Arkindex 1.9.1
We are happy to announce that a new Arkindex release is available. You can explore Arkindex and try out the newest features on our demo instance, demo.arkindex.org.
Project categories
Projects can now be grouped into categories. Those categories can only be edited through the administration interface, and they are only visible to instance administrators.
In future releases, those categories will allow automated actions such as deleting inactive projects. We will enable this on our demo instance in order to purge any test data uploaded by users after some time.
Worker configurations
Significant progress has been made on the new worker configuration format. The complete specification is now publicly available on our documentation website. Workers using this new format can now be validated and imported into Arkindex, but they cannot yet be executed. This release includes the necessary changes to then get the Base Worker project to start supporting this new format.
A new teklia-worker-configuration Python package is available on PyPI. This project provides a command-line utility named worker-validator which can convert files written in the previous configuration format into the new one, as well as validate files that are already written in the new format.
A new ImportWorkerVersion API endpoint has been introduced to receive a YAML file that defines a worker in this new format, then create or update a worker and a worker version. The latest version of the Arkindex CLI can now validate and publish these new versions using the new arkindex worker import subcommand.
Workers imported through this new system can be added to a process and configured through the new configuration form, with new field types and better error validation.
Process execution
The integrity of model versions is now verified after they are downloaded and before any task starts. Any issue that occurs when both downloading and checking a model version is now more explicitly shown in the task’s logs. The API changes made to allow for this also pave the way for future improvements in Enterprise Edition which could speed up processes using large models and reduce disk usage.
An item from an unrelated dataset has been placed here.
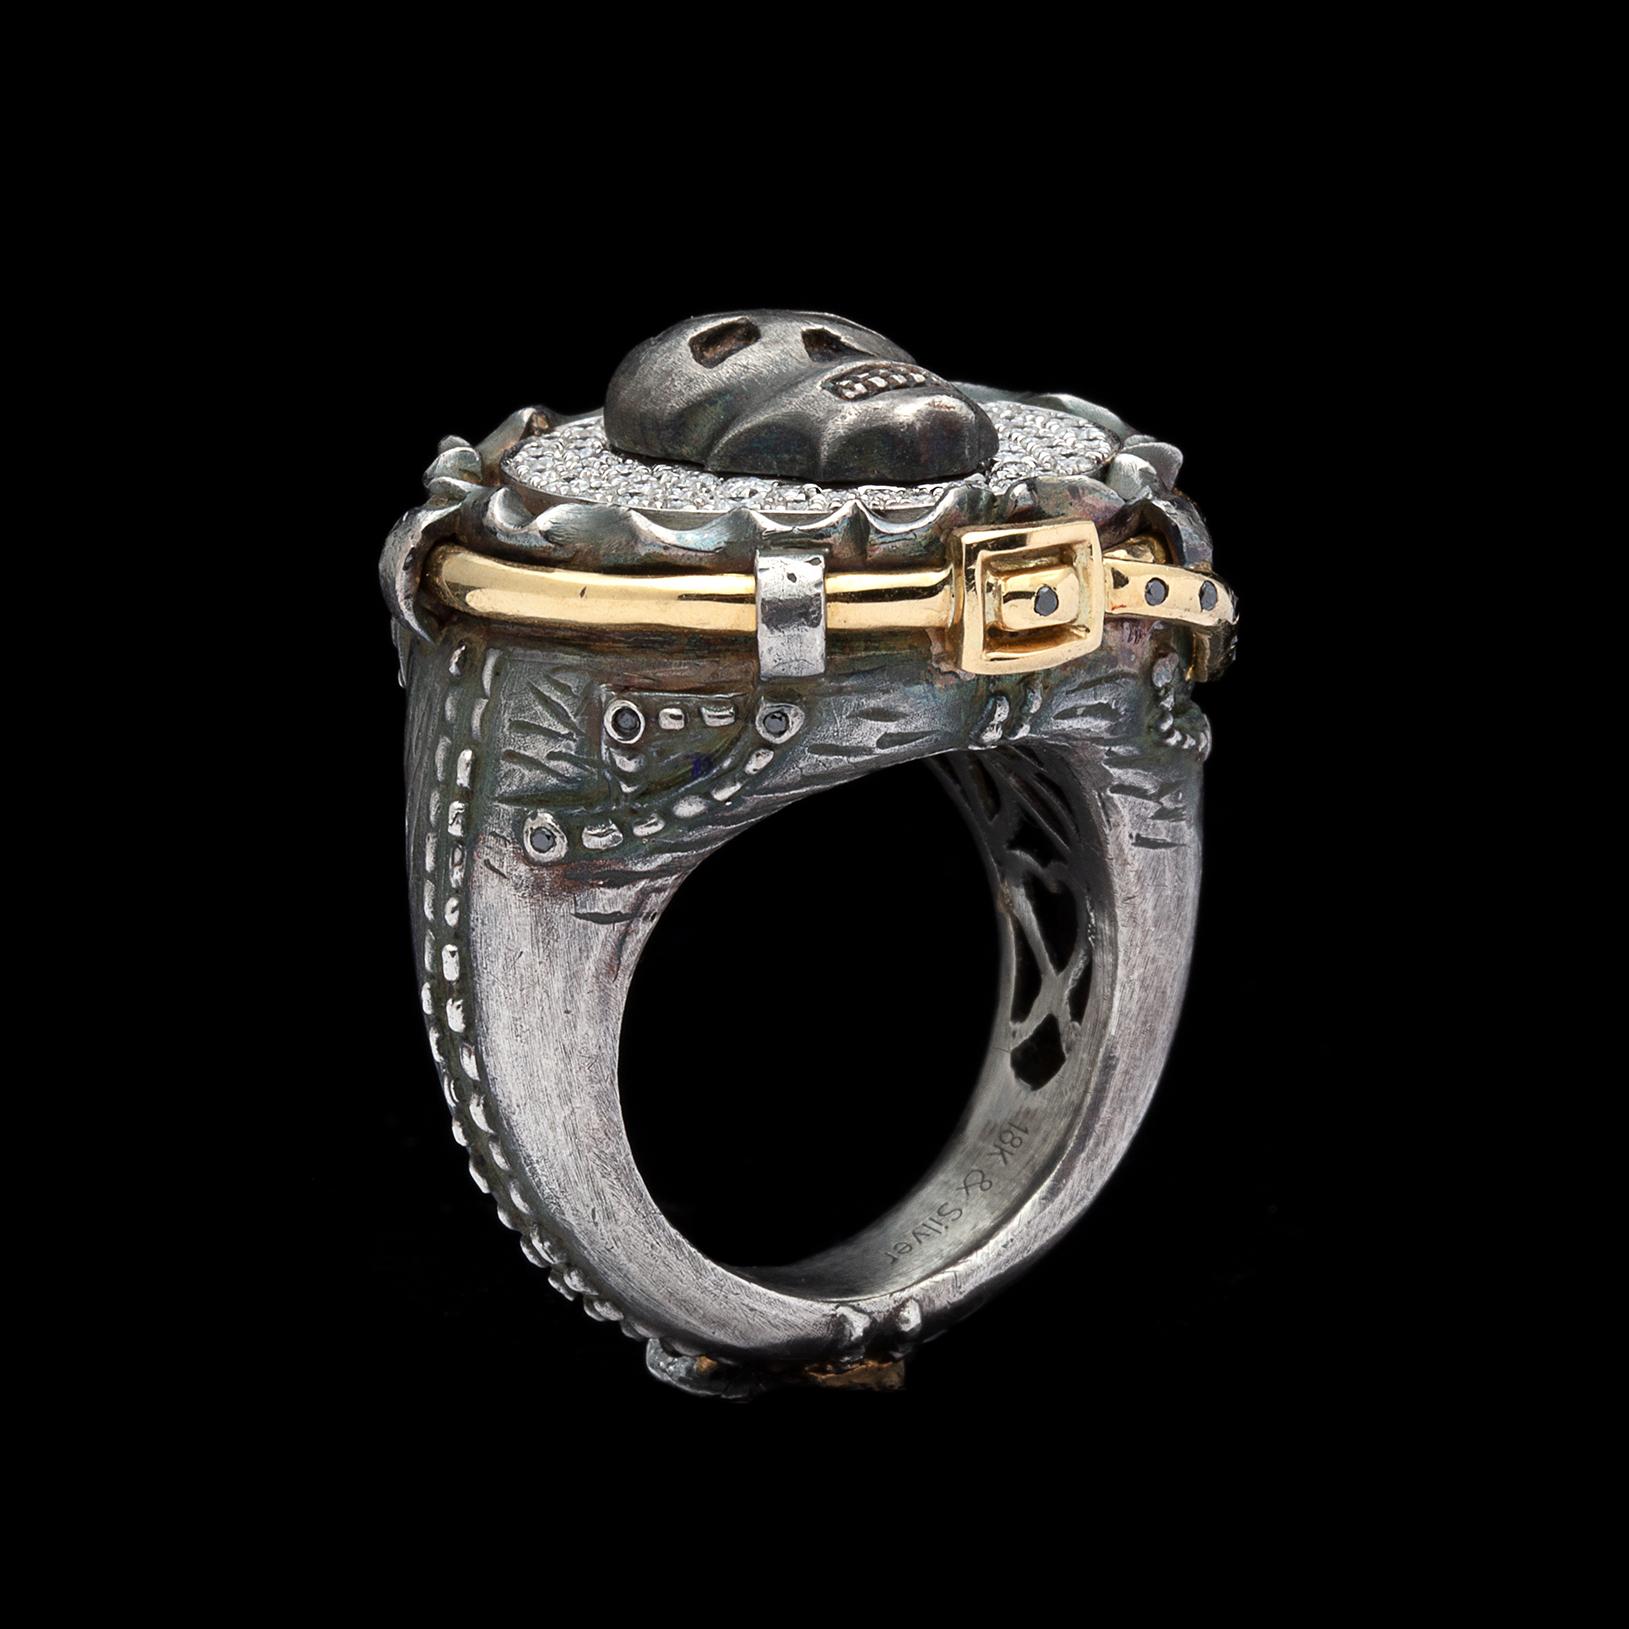 Be outrageous with this fun silver and 18k gold ring! Featuring a skull amidst a bed of round brilliant-cut diamonds, set atop a pair of blackened silver jeans compete with a black diamond-set gold belt. Estimated diamond weight is 0.70 carat. The

A new experimental StartWorkerActivity API endpoint has been introduced. This endpoint allows a worker running within a Ponos task to request the next element to process, without needing an JSON file of elements generated by an initialisation task. This will provide a more efficient way to process elements in multiple chunks, as chunks on faster servers could ask for more elements than the slower ones.
API removals
Some deprecated or unused parts of the API have been removed in this release:
-
The support for worker version IDs in
UpdateWorkerActivitywas deprecated since Arkindex 1.5.1 and has been removed. -
The
hashattribute on images has been removed. To create an image throughCreateImage, thepathis now required. -
The
s3_read_only_bucketoption has been removed from image servers. This option no longer has any effect without ahashon images. -
The
CreateIIIFInformationAPI endpoint has been removed. You can useCreateIIIFURLinstead, specifying the URL of the image directly instead of having to retrieve its metadata yourself.
Bug fixes
-
Confidence scores of 0% are now shown on elements and transcriptions.
-
The Esc key now cancels rectangle creation or polygon edition just like it cancels polygon creation.
-
In Community Edition, executing a task will now properly add a
finisheddate on the process when all tasks of the process are finished. -
Uploading a model version using the
arkindex upload model_versioncommand now identifies it as a.tar.zstarchive, allowing the model versions to work exactly the same as they would be when they are uploaded througharkindex models publish.
Upgrade notes
To upgrade a development instance, follow this documentation.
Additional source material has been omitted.